Non, ce n'est pas une photo ratée. C'est le colmatage du four au torchis sous une pluie diluvienne, dans un nuage d'embruns et de fumée...
 L'humidité est tout à fait bénéfique à ce type de cuissons, mais on n'en demandait pas tant! Qu'il n'y ait pas eu d'infiltrations d'eau dans la charge de céramiques m'étonnera toujours! 
Le four, ou au moins sa charge ayant pu être conservée au sec, on ne peut pas en dire autant des rares volontaires qui ont participé à cette clôture de cuisson. On ne vos décrira pas la stupeur des visiteurs qui, réfugiés dans le musée nous ont vu y rentrer, complétement détrempés, crépis de torchis et plus ou moins noircis de suie.. Une troupe de Néandertaliens mouillés et plus ou moins hagards débarquant au pas de charge n'aurait assurément pas fait plus d'effet! 

 Le lendemain, les bêtes sont séchées, les toitures remontées et on peut se prépareer au sec à l'ouverture du four. Comme toujours dans ces cuissons réductices, on commence par régager le foyer de ses charbons, et comme toujours dans un nuage de fumée et de poussière...

Au vu de la quantité qui s'y consumait encore, on peut tout de suite présager que la fournée sera réussie.

La couche de torchis et de cendres est enlevée, et les premières pièces apparaissent, bien noicies comme prévu. 

Grises sous l'effet du saupoudrage de cendres, ces pièces sont en fait parfaitement noircies par l'enfumage.

C'est la fin d'une belle aventure et les sourires sont de mise: Circé, étudiante à l'Univcersité de Neuchâtel et Guillaume Reich, doctorant travaillant à une thèse sur l'armement du second âge du fer retrouvé sur le site de La Tène.
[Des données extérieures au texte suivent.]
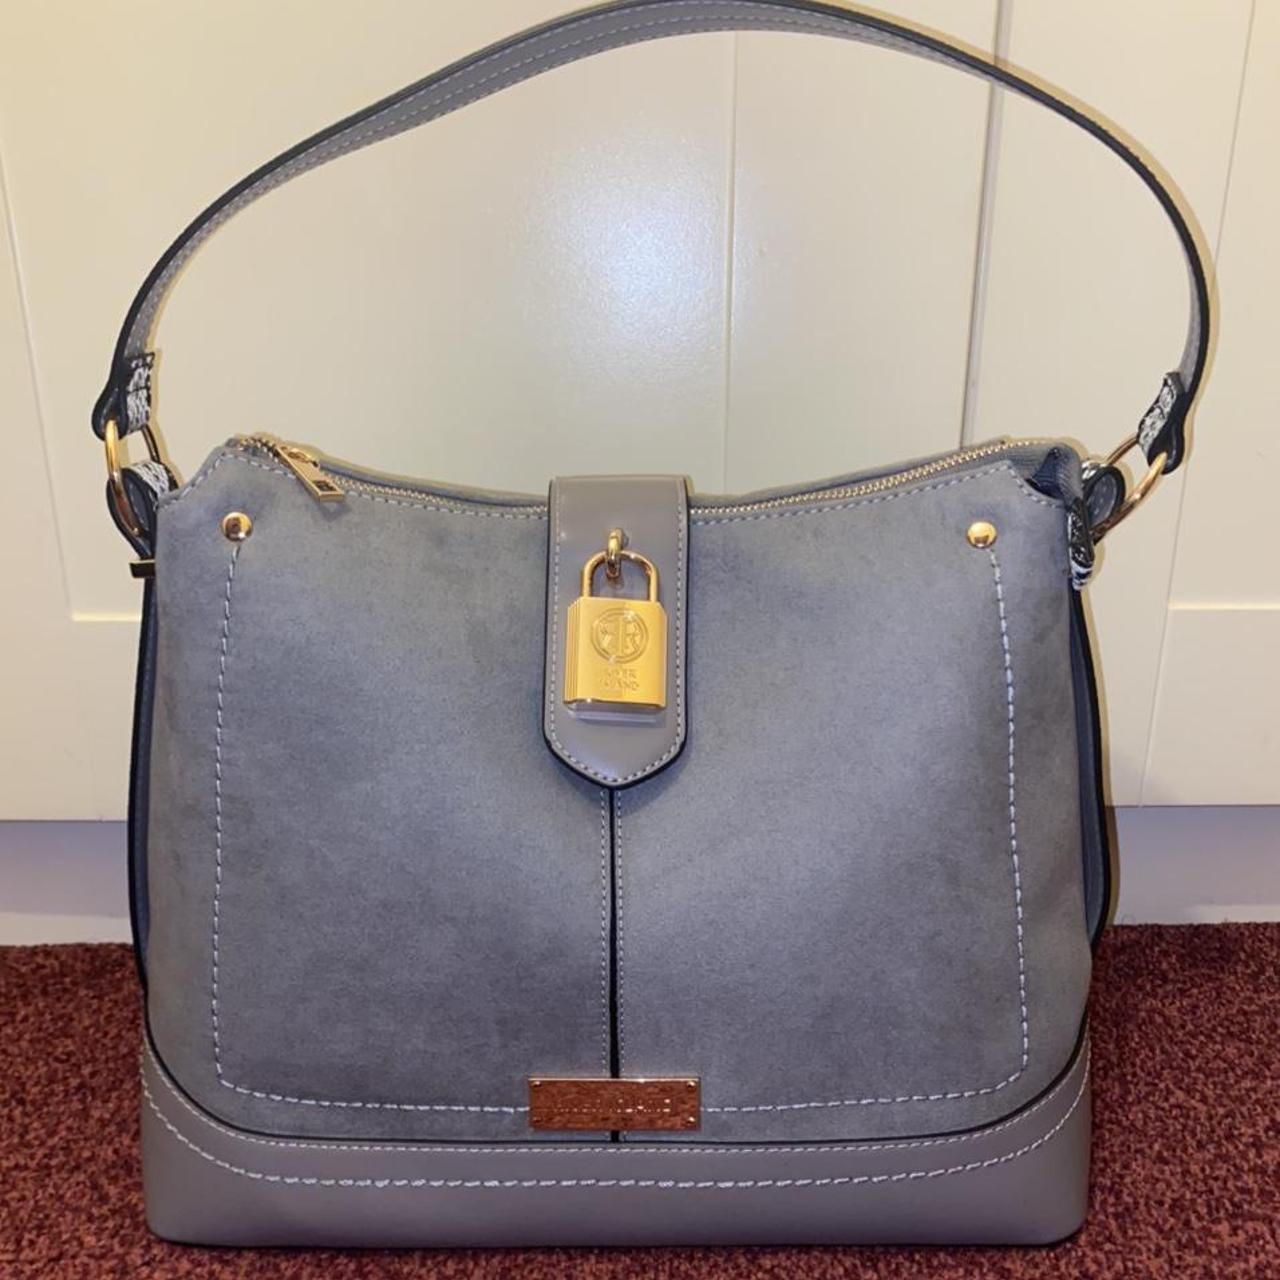 ARURA (LABEL) Women's Handbag Fashion Satchel Purses Top Handle Tote Bag  Shoulder Bag (Black) : Amazon.in: Shoes & Handbags

 Les céramiques réalisées pour cette fournée sont pour l'essentiel des répliques de productions locales. L'accent a été mis sur les pièces issues de fouilles de sites de la région des Trois Lacs. Le site de la Tène y est bien sûr représenté, mais aussi le "Pont des Sauges" à Cornaux, le site des Bourguignonnes à Marin. Quelques pièces d'Yverdon et Berne complètent le lot. Un joli florilège de céramiques helvètes!